Amino acid metabolism
In T. cruzi, amino acids are relevant in energy metabolism [112,113,114,115], host-cell invasion , stress resistance [117, 118], and differentiation [115, 119]. Proline, in particular, plays a fundamental role in these processes, including energy support during the parasite’s intracellular stages .
T. cruzi, unlike T. brucei, can metabolize D-proline using a putative proline racemase (PRAC). Although the T. conorhini genome bears a PRAC gene, as we have previously described  T. rangeli AM80, and strains of all other known T. rangeli lineages  contain only a pseudogene for this enzyme. Interestingly, genes for 5-oxoprolinase, which is involved in L-proline metabolism, are absent in T. conorhini 025E and T. rangeli AM80. Analysis of the available genomes of TriTrypDB  showed only intracellular-replicating species seem to possess this enzyme, which makes its apparent loss in these two species expected. L-proline metabolism via 5-oxoprolinase produces L-glutamate in the glutathione-mediated stress response pathway. T. rangeli AM80 also lacks enzymes that use oxygen as an acceptor (EC 1.4.3.-), which further limits the pathways available for glutamate synthesis. Absence of these enzymes may shed new light on the recent finding that T. rangeli SC-58 is particularly susceptible to oxidative stress . However, there appear to be alternative pathways to produce glutamate and glutathione in both T. rangeli AM80 and T. conorhini 025E, e.g. glutamate dehydrogenase, which converts α-ketoglutarate to glutamate.

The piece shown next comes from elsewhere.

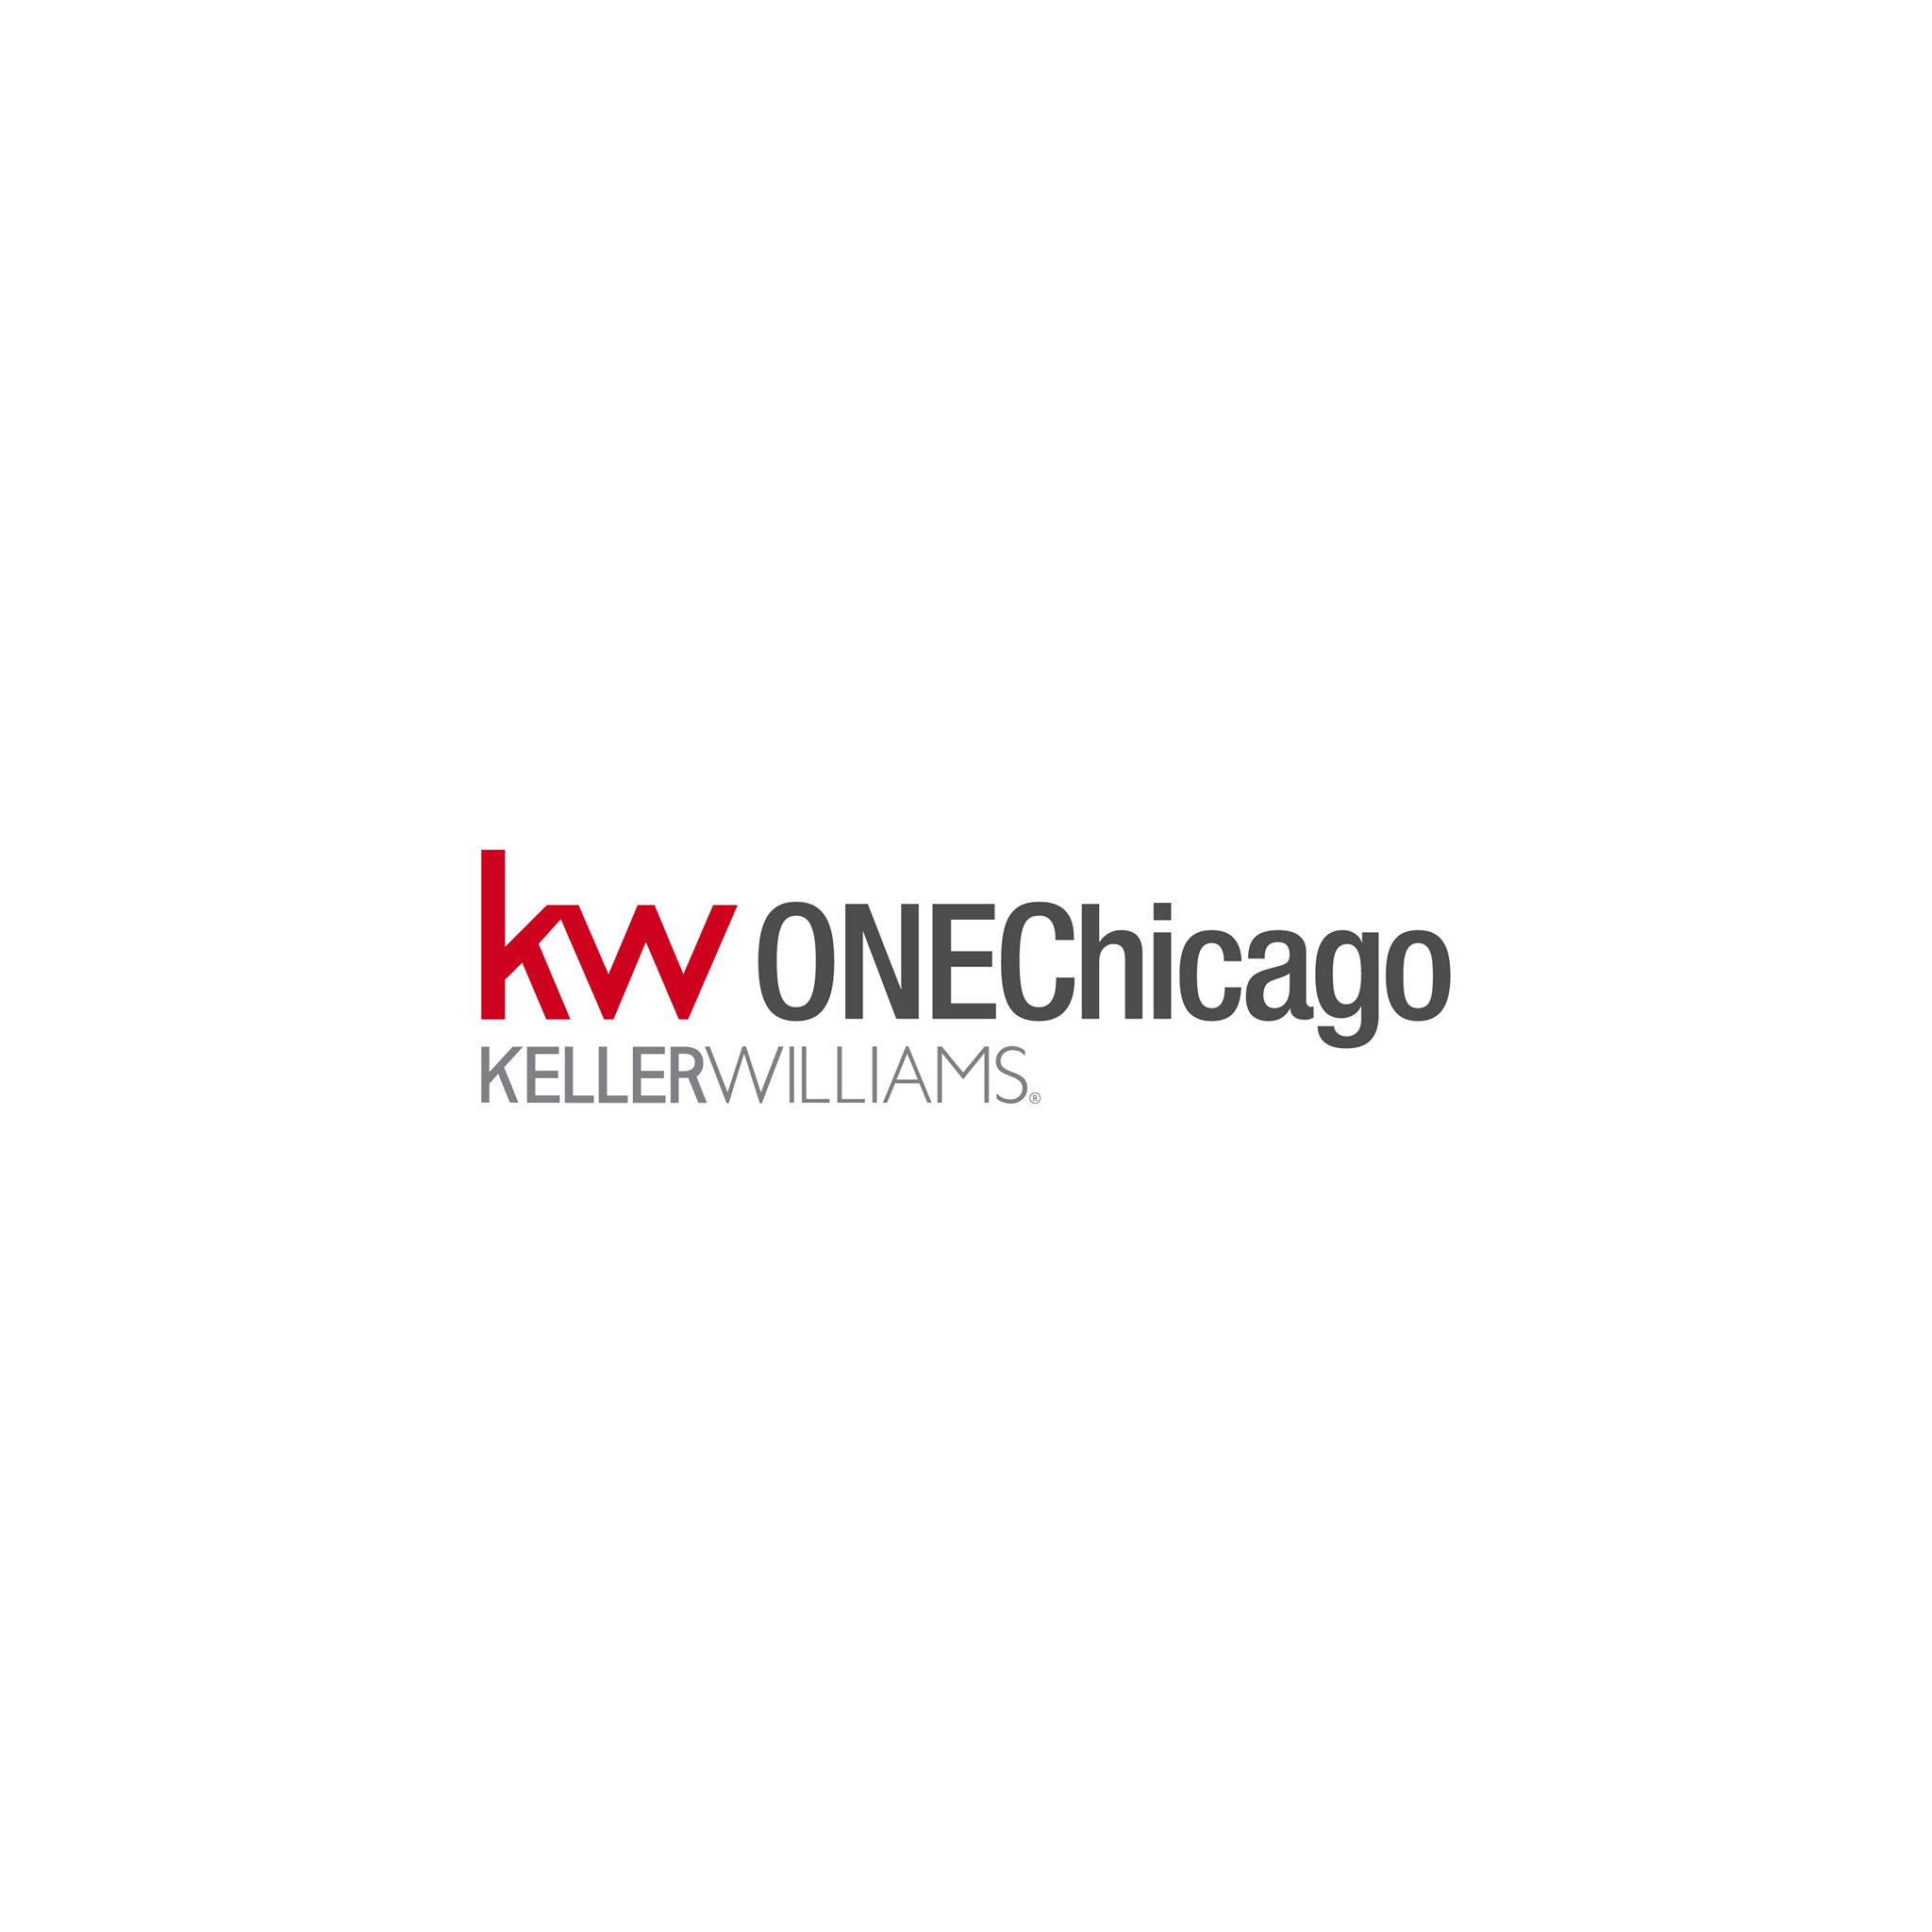 KW One Chicago

Consistent with previous reports in T. cruzi [120, 121] all of these species lack ornithine and arginine decarboxylase genes, indicating that they are unable to generate putrescine or other polyamines and must salvage them from their hosts. Primary-amine oxidase, which is significant for amino acid metabolism and alkaloid biosynthesis, is absent in T. rangeli AM80. The T. rangeli AM80 and T. conorhini 025E genomes encode branched-chain amino acid aminotransferase, which is required for synthesis and degradation of valine, leucine and isoleucine. That T. cruzi strains lack this gene  is interesting since leucine is reported to act as a negative regulator of proline-dependent metacylogenesis . Additionally, the ability of this parasite to use the intact leucine skeleton, presumably obtained from the host , for isoprenoid and sterol formation would confer advantages in energy economy . T. cruzi and T. rangeli can interconvert serine and glycine, a capacity not found in T. brucei . T. conorhini 025E, like T. brucei, lacks the glycine hydroxymethyltransferase gene for conversion of glycine to L-serine and tetrahydrofolate or vice versa, although alternative routes exist in this organism for synthesis of these compounds.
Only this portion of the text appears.